INFORMATION SUPPLIED:
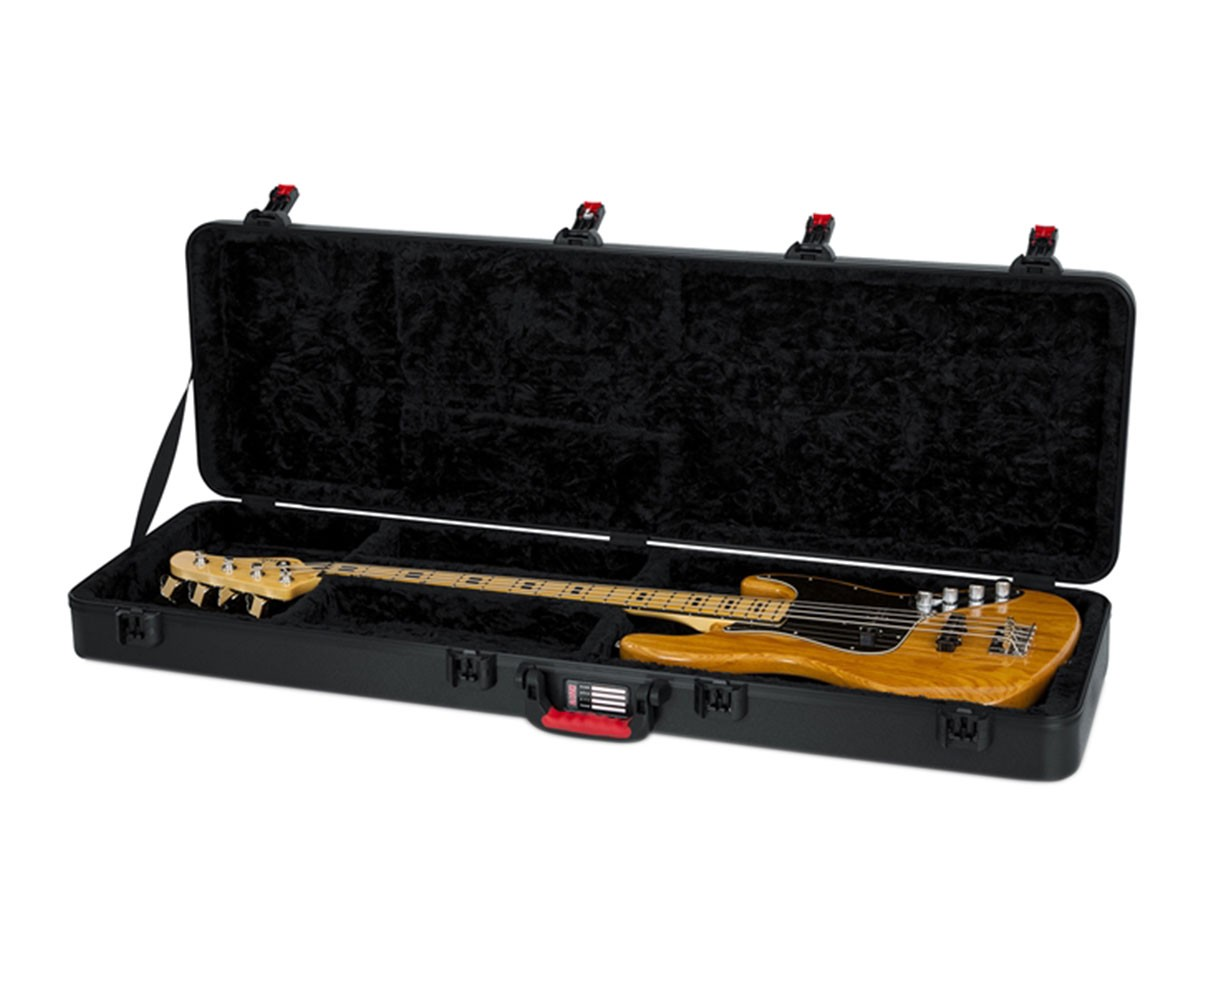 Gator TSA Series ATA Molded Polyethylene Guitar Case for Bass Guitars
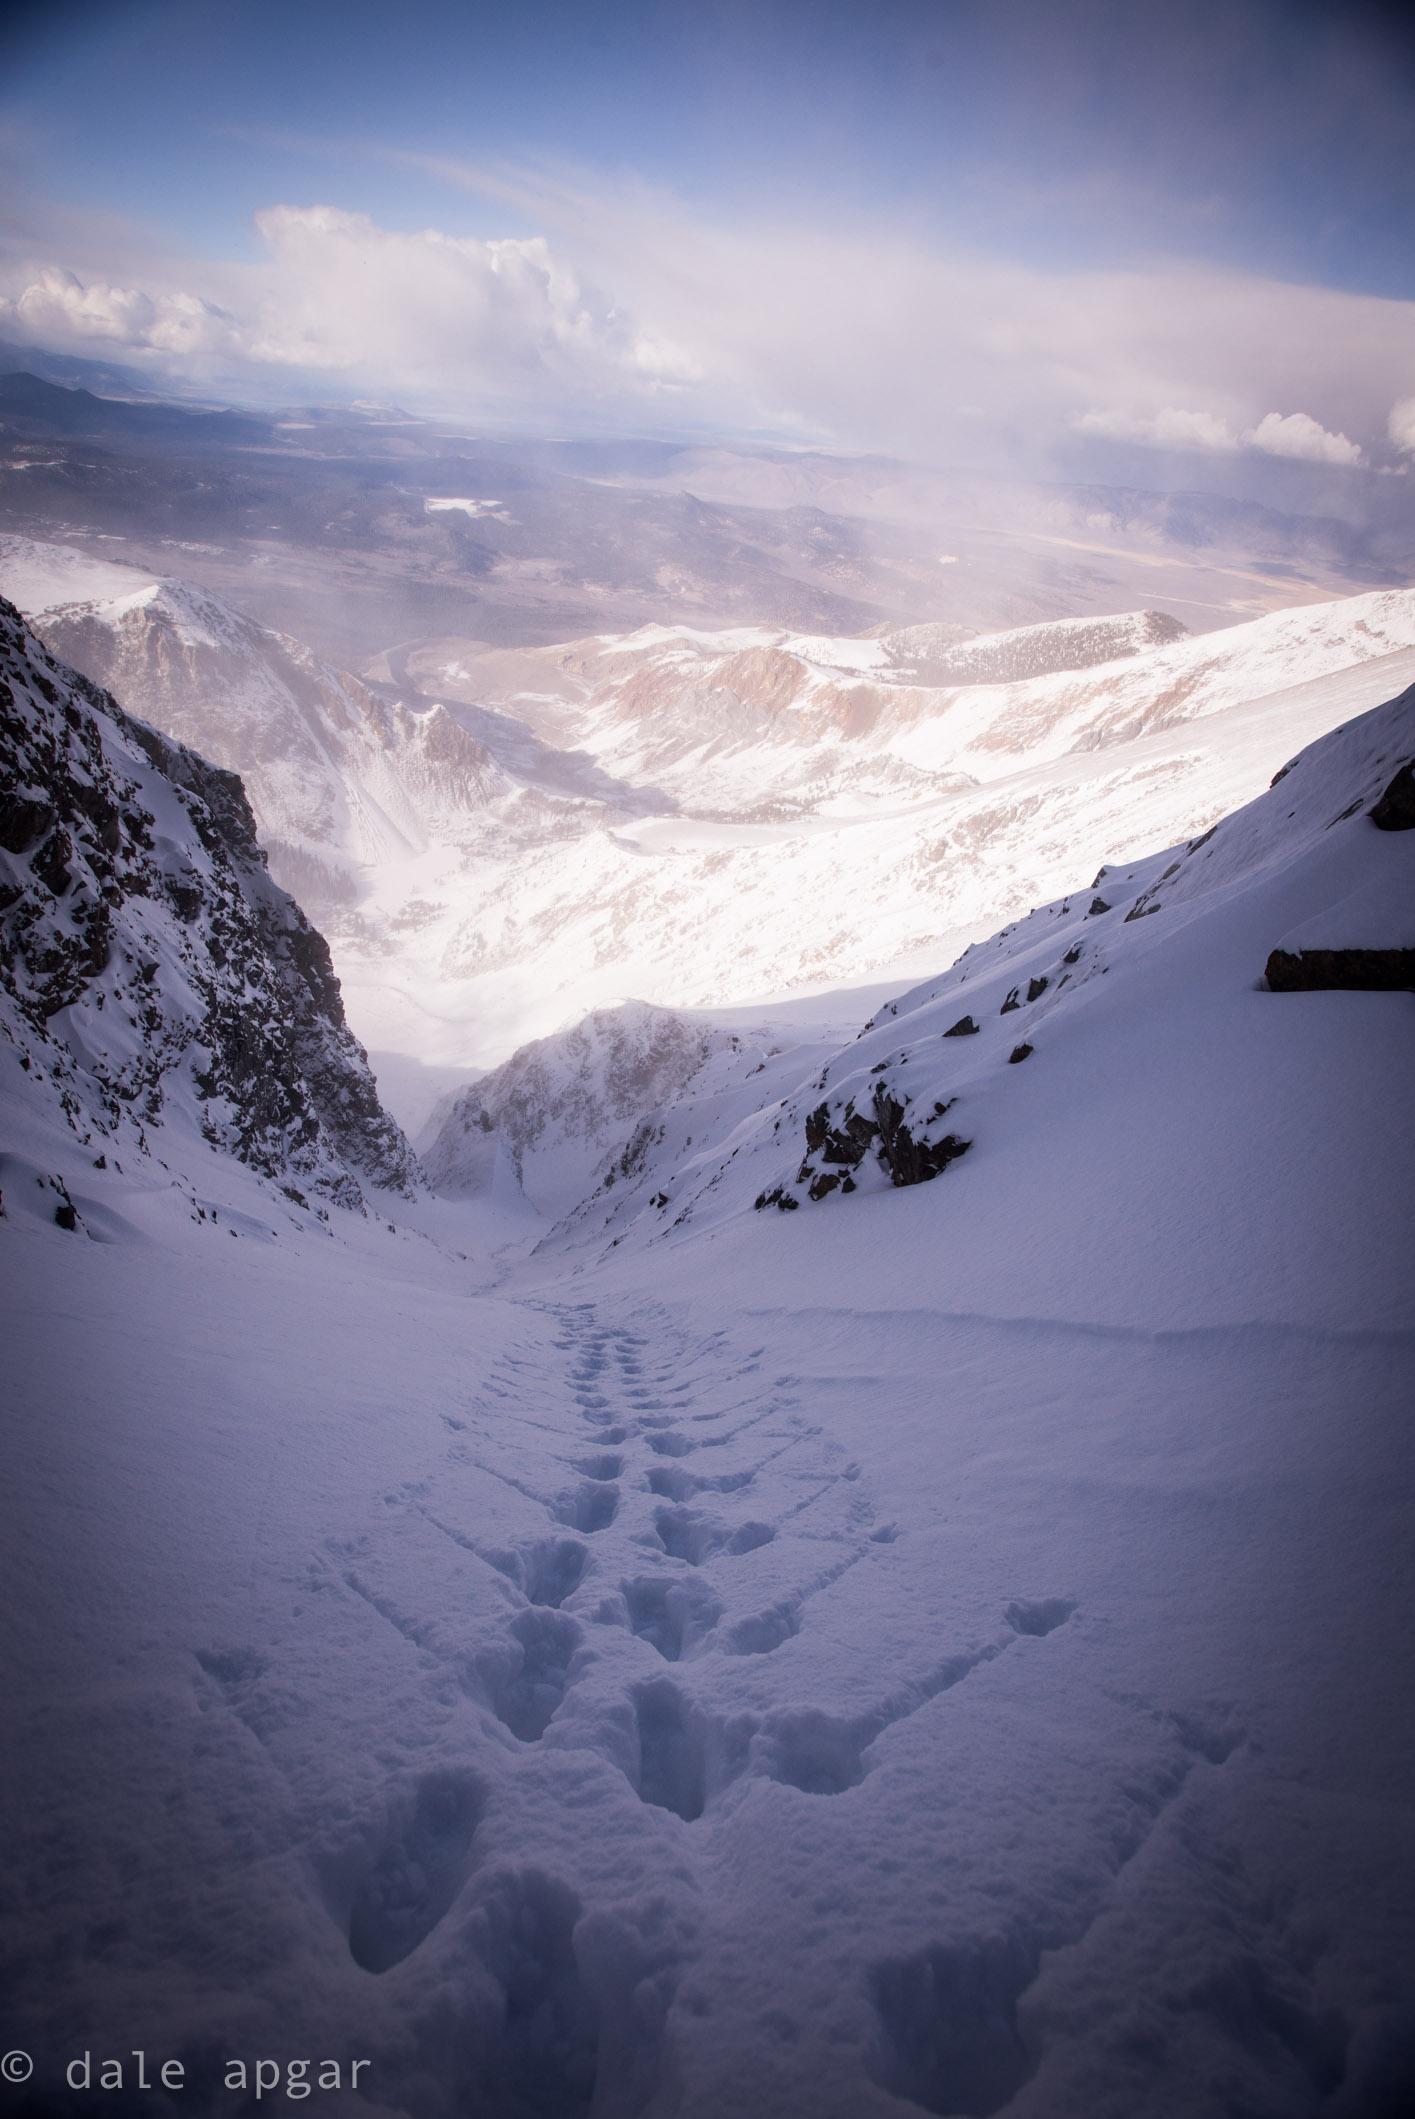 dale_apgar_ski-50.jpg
--
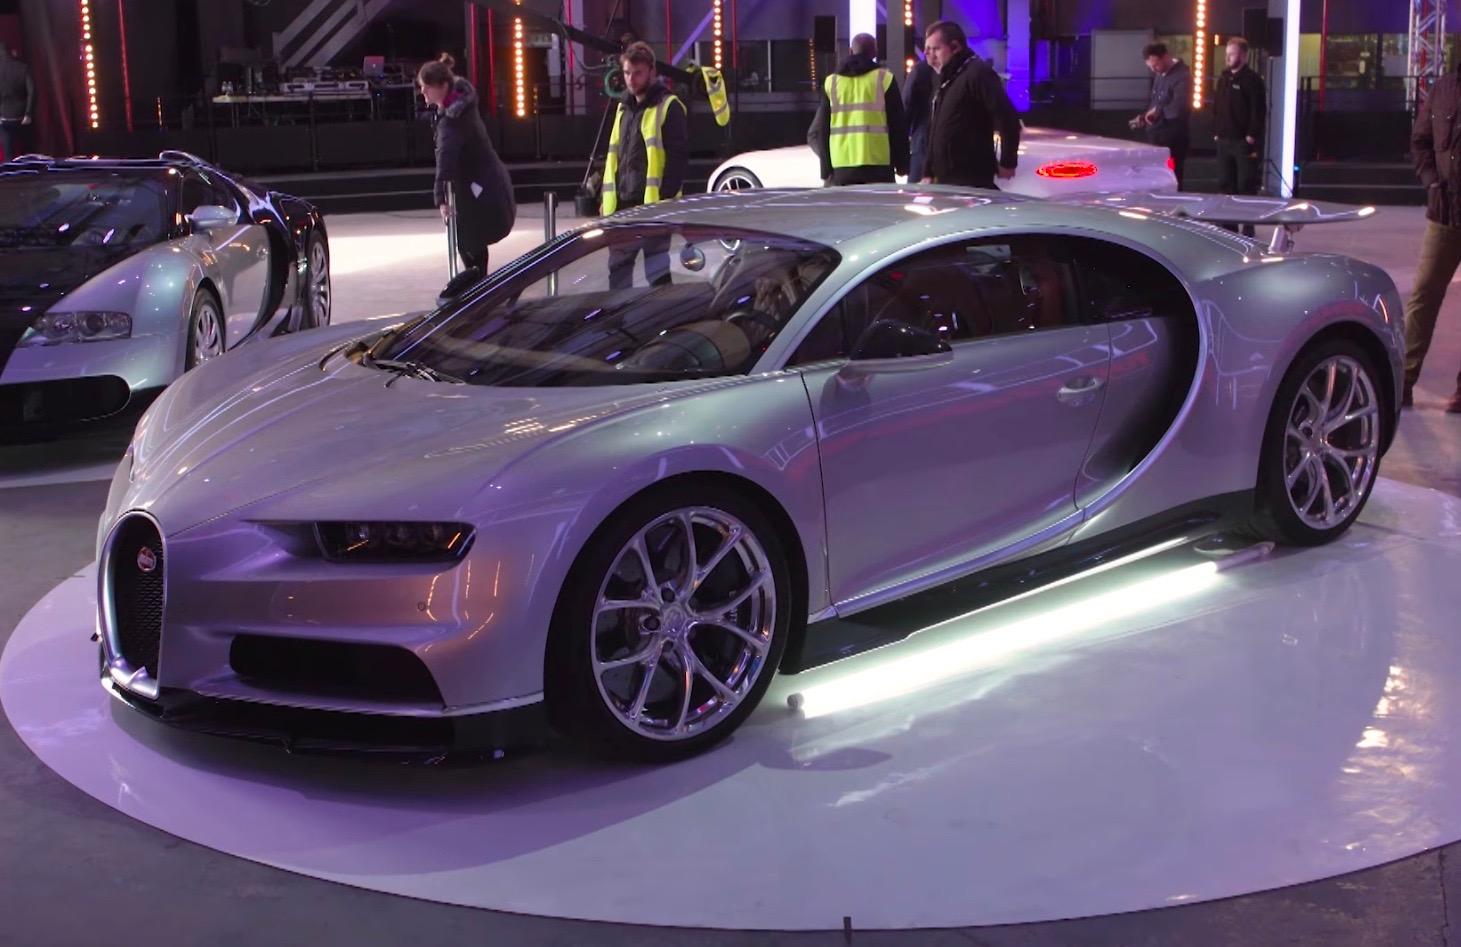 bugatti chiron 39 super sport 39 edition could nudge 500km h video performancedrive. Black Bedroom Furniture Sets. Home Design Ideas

PROBLEM DESCRIPTION:
Give again the stretch of the entries above that begins at the line with "Gator TSA Series" and ends at the line with "dale_apgar_ski-50.jpg", word for word, with no pictures.

ANSWER SECTION:
 Gator TSA Series ATA Molded Polyethylene Guitar Case for Bass Guitars
 dale_apgar_ski-50.jpg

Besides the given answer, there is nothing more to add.